Licence disqualification creates a whole series of problems. They include issues with getting to and from work and taking children to school and extra-curricular activities. They may also end small businesses when the disqualified person is the operator and driver for the business.

Some people earn their living as drivers and they lose their jobs.

There is no second thought about long service or inconvenience to the life of the offender. The law as exercised by the court disregards any special circumstances despite the economic and social hardship created when a person loses their licence. Drink and drive – and you suffer. However, there are exceptions. I will elaborate on these later.

This is all very well, the law being tough to discourage driving while under the influence of alcohol. However, is it now the case that we have enough data to modify our laws in this area? Have we now reached the time for parliament to take another look at the penalty of automatic disqualification for first-time offenders? Should we now introduce a points demerit system that will track the frequency of offending instead of this bland rule of disqualification for your first offence?
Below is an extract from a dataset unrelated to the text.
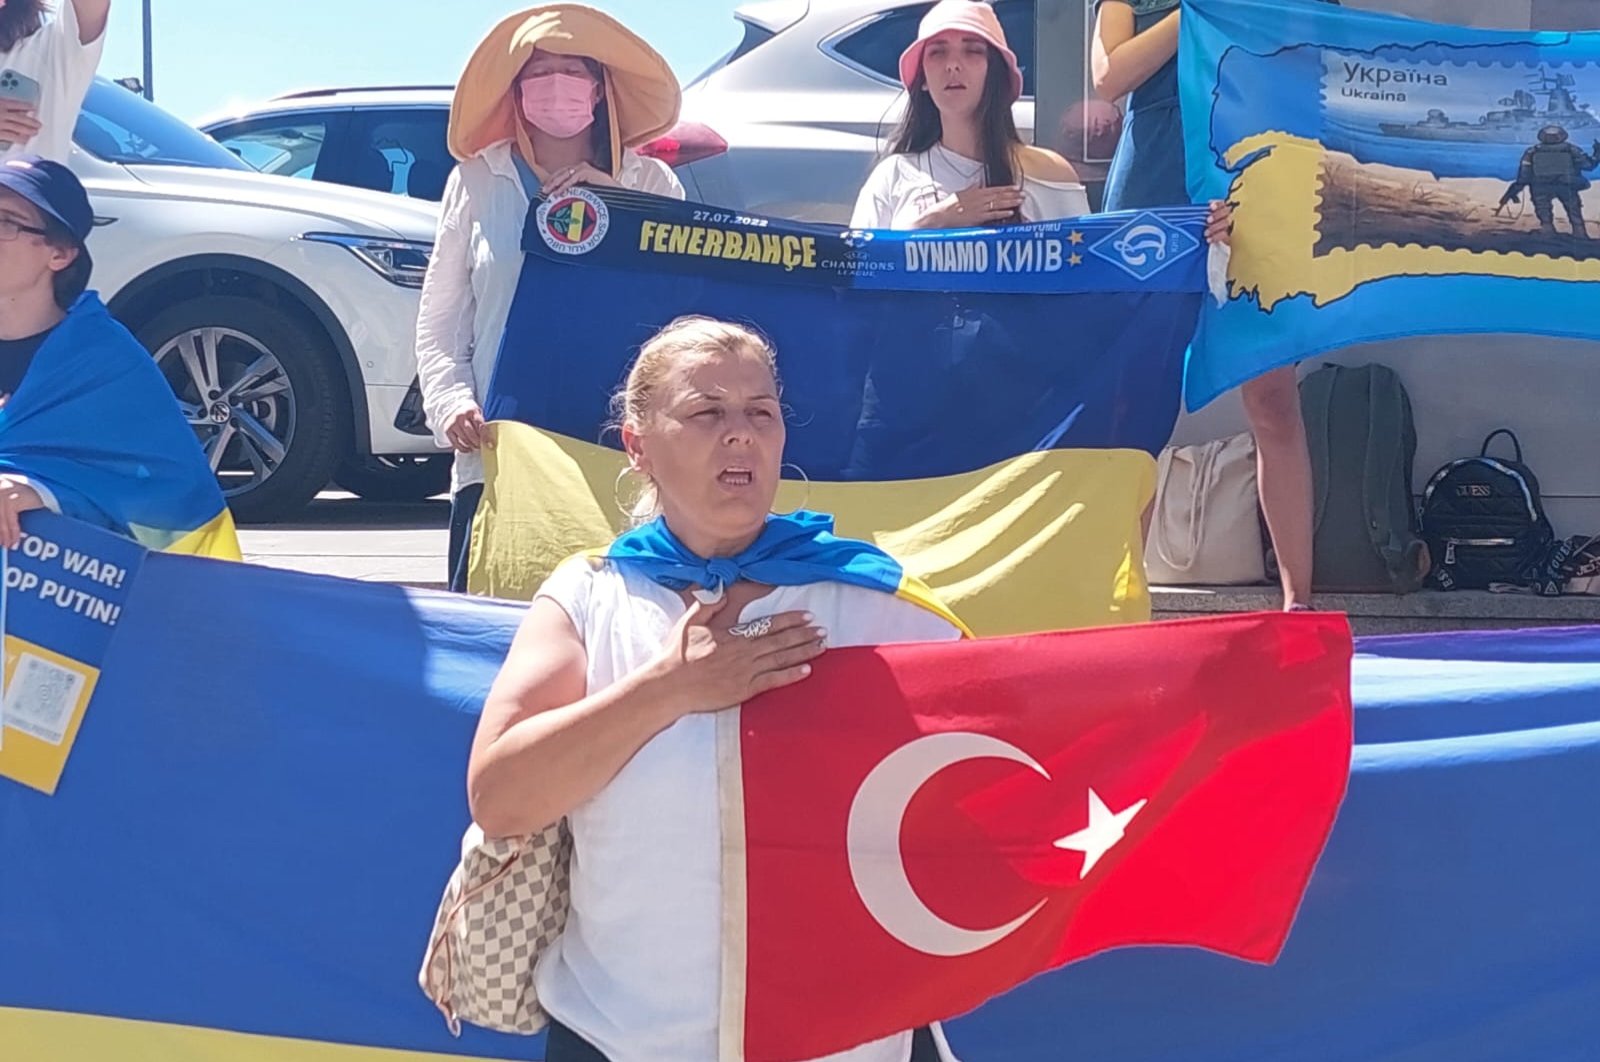 Pertandingan Fenerbahe-Kyiv di Istanbul dibayangi oleh nyanyian ‘Putin’

In my view, what we have in the Cook Islands is a net of steel aimed at capturing deliberate offenders but it also captures the naïve and the medically-challenged: some people have very low alcohol tolerance because of medical conditions and unless they have medical reports to counter the charge, they stand to lose a lot.

I am currently appealing the conviction of a young woman who had a drink one night, went home at 2 am and went to sleep until 8 am before she drove to pick up a family member. This woman’s family are from the outer islands and depend on this young woman to drive them to the hospital, church and to clients who purchase their arts and crafts. She is their lifeline for medical care, social and community duties and income, The court said she was guilty and she does not fit the exception that I now elaborate.

Part of my motivation in writing this column is that local Justices of the Peace who sit to hear excessive breath alcohol (EBA) cases are under constant pressure from defence lawyers and from those who appear before them not to disqualify them because those being charged, particularly first-time offenders, consider it a harsh and unjust penalty. 

A fine is a more convenient penalty and for recidivist offenders, tougher penalties are there for recommendation by police, and they could end up in prison. However, I believe it is these first time offenders that need re-consideration.

The pressure on JPs has resulted in an exception. A local JP acquitted a young police officer after he was breathalysed to be over the legal limit, because he had a career to pursue. He was touted as a Good Samaritan for helping another driver in an accident on the road, the night he was breathalysed. 

The court has also sometimes been lenient with people facing serious criminal offences such as assault and has taken the career prospects of young offenders into account. It has acquitted them if they were first-time offenders. To me, this reasoning has crossed over into the EBA area and it a good sign, but the court runs the risk of practising double standards. 

The outer islands woman was deemed less deserving of keeping her licence in spite of the value she brings to her family in hardship circumstances, while the young officer, who by the way was the son of a politician and is now no longer with the Cook Islands Police Force, was acquitted.

I argue that it is now time for parliament to reconsider at the EBA laws instead of practising a sweeping, all-encompassing law that I believe has now been corrupted by the court itself. The court can no longer sustain “one rule for all” regarding the disqualification penalty.